◆ **WHAT YOU SHOULD DO**: For every line below, output the text exactly and leave out images.

Stored items from a collection
= Beginning of Section =
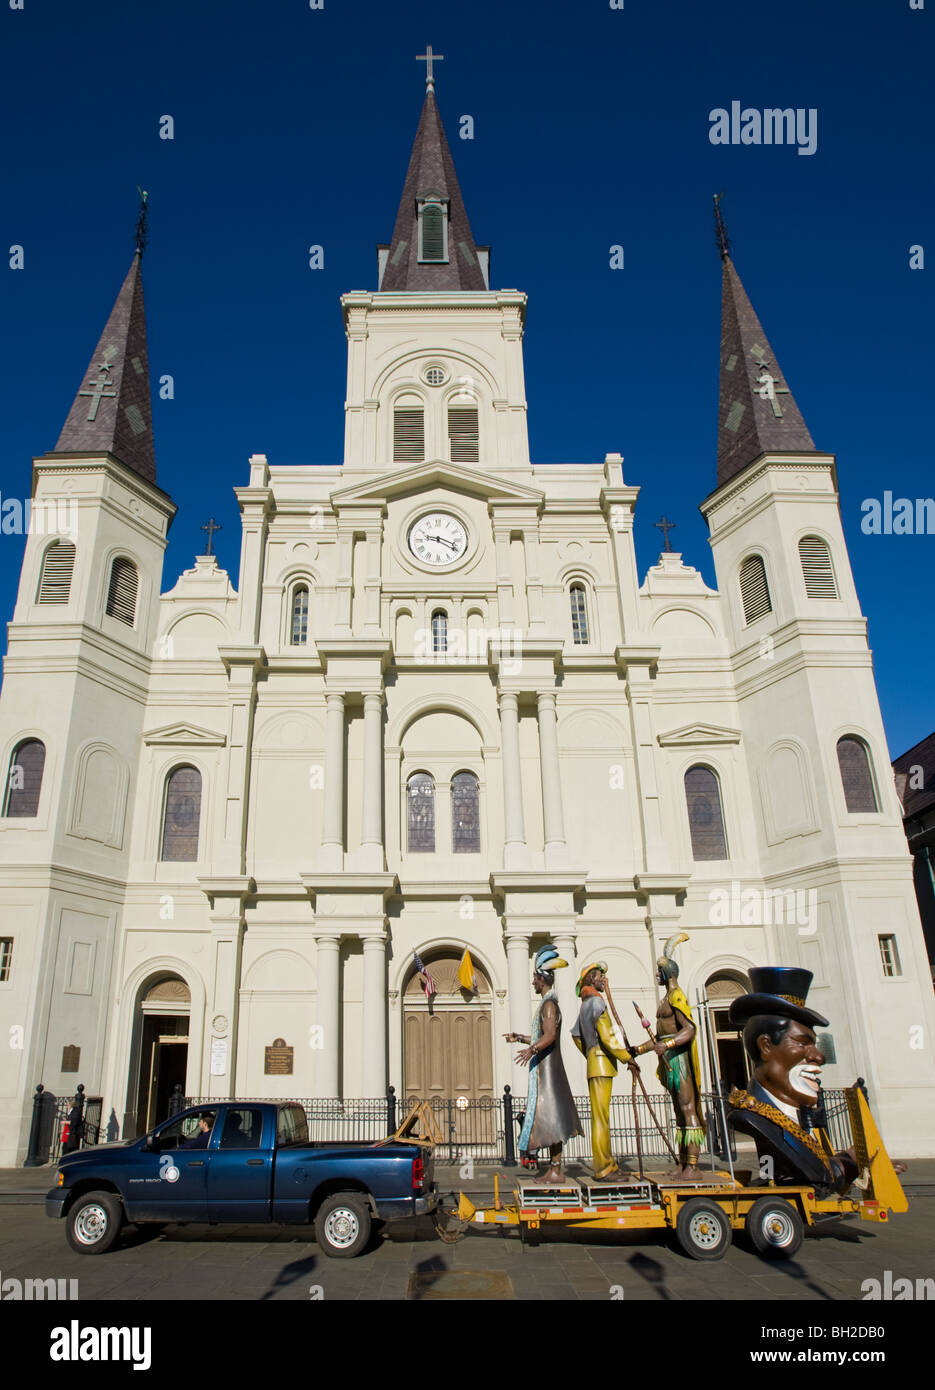 Flotteurs zoulou à destination de Mardi Gras en passant par la Cathédrale St Louis, Jackson Square, La Nouvelle-Orléans, Louisiane Banque D'Images
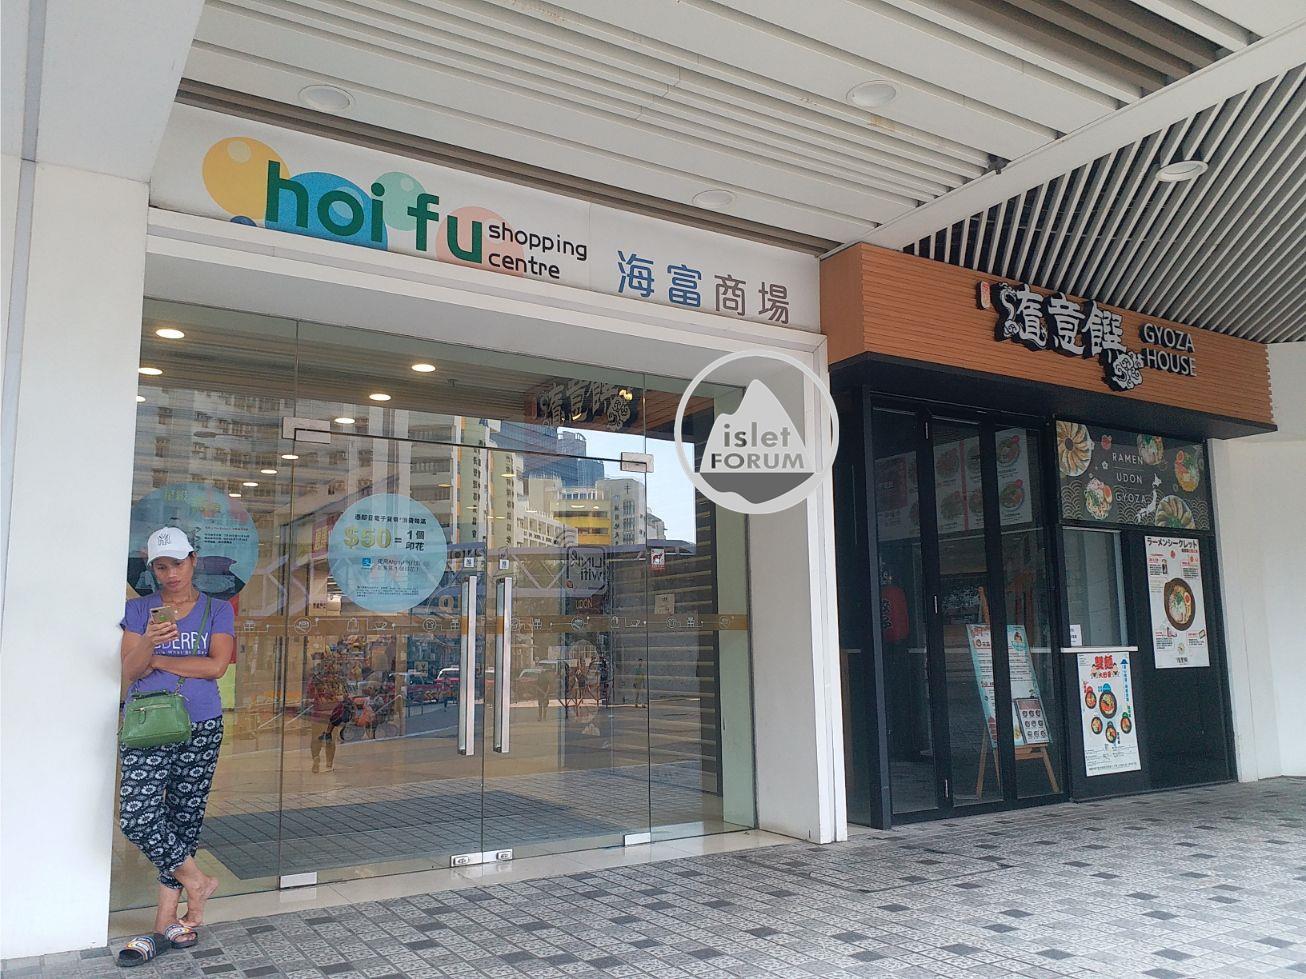 海富商場 Hoi Fu Shopping Centre (4).jpg
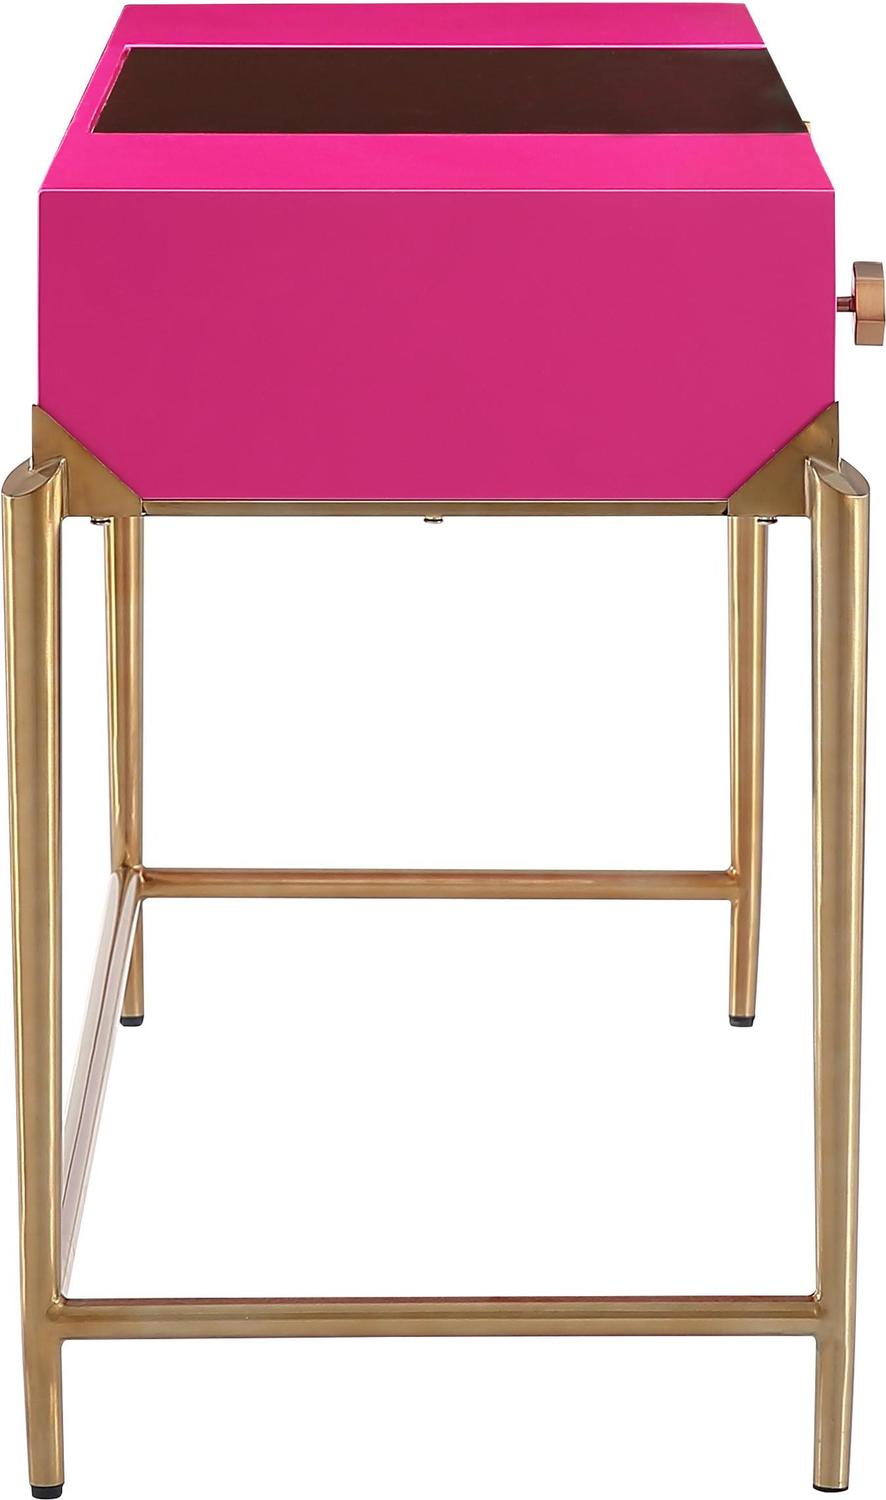 natural desk chair Tov Furniture Desks Pink
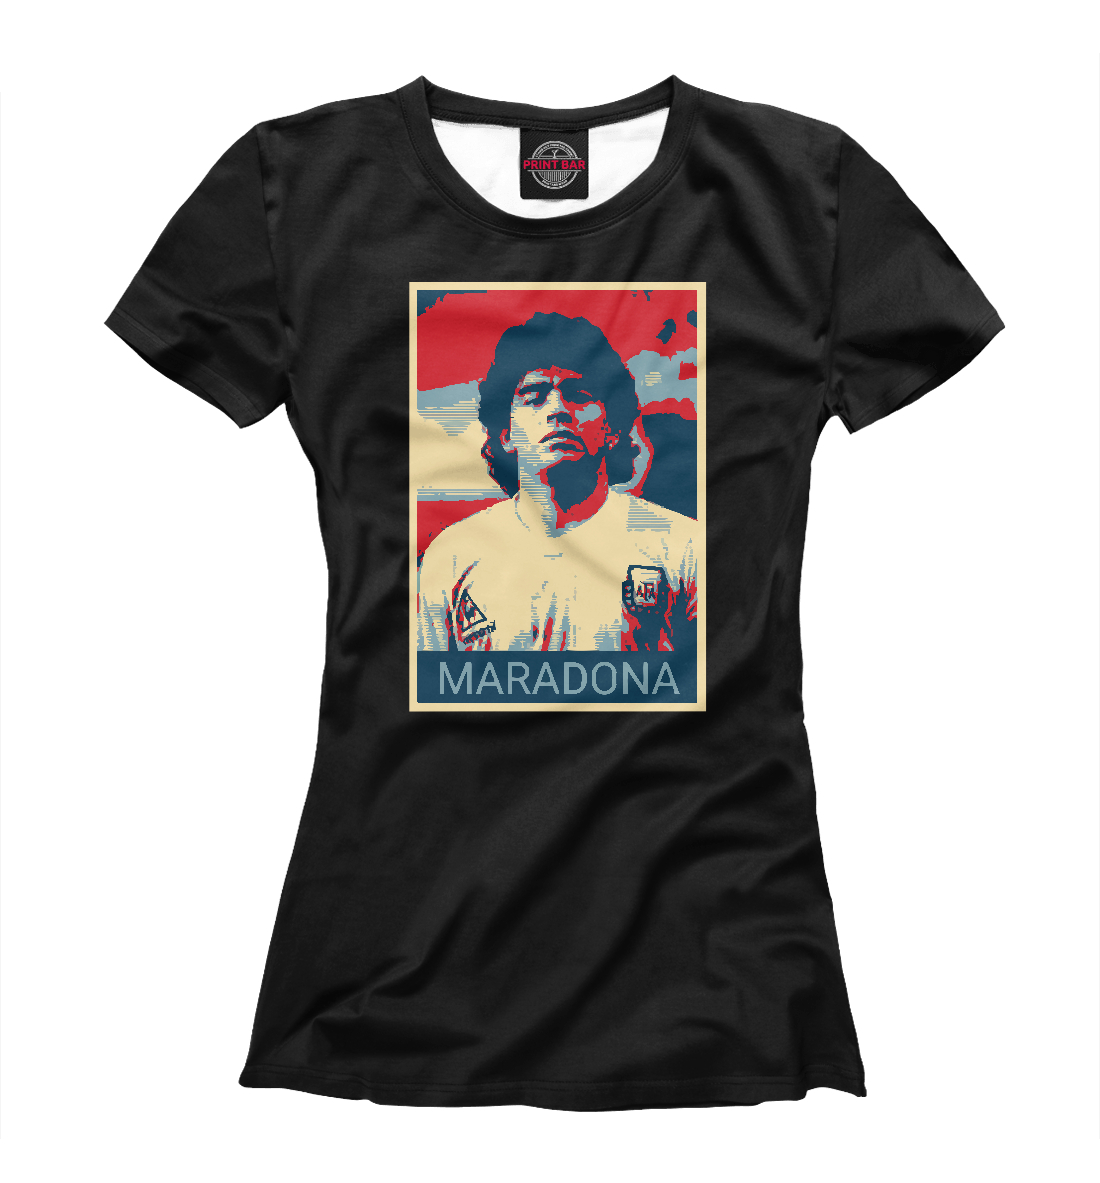 Футболка Maradona для женщин, артикул: FLT-836145-fut-1mp
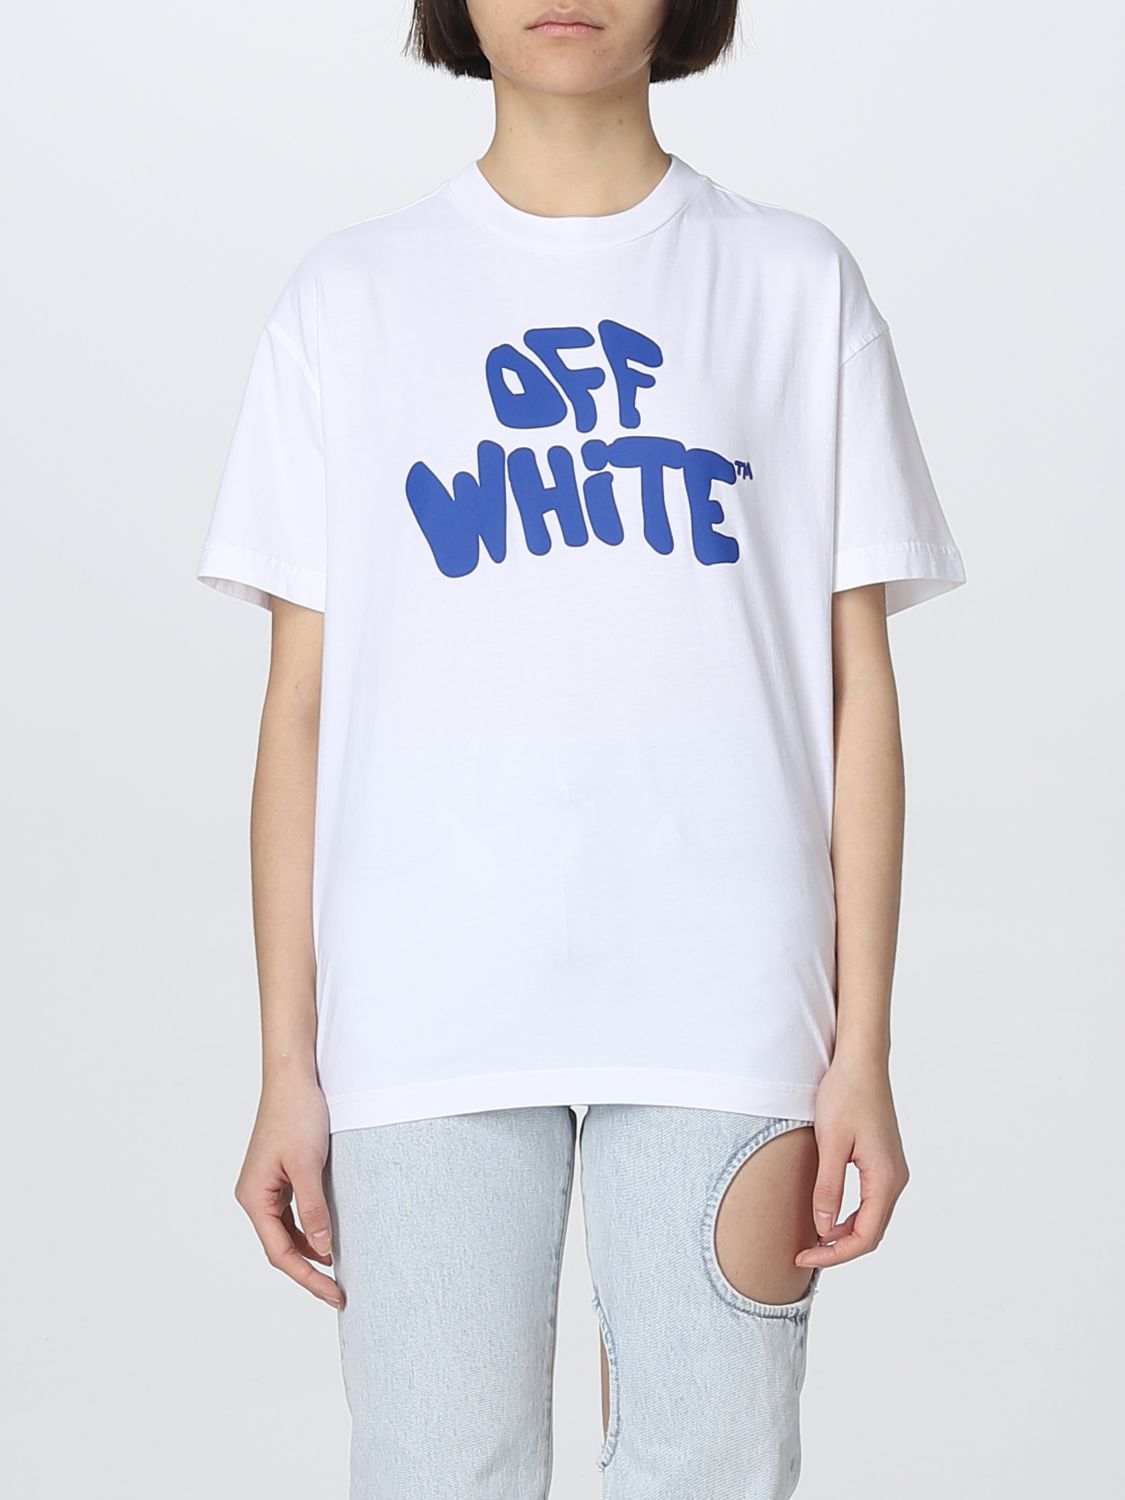 Off-WhiteTシャツ
= End of Section =
◆ **THE ANSWER**:
 Flotteurs zoulou à destination de Mardi Gras en passant par la Cathédrale St Louis, Jackson Square, La Nouvelle-Orléans, Louisiane Banque D'Images
 海富商場 Hoi Fu Shopping Centre (4).jpg
 natural desk chair Tov Furniture Desks Pink
 Футболка Maradona для женщин, артикул: FLT-836145-fut-1mp
 Off-WhiteTシャツ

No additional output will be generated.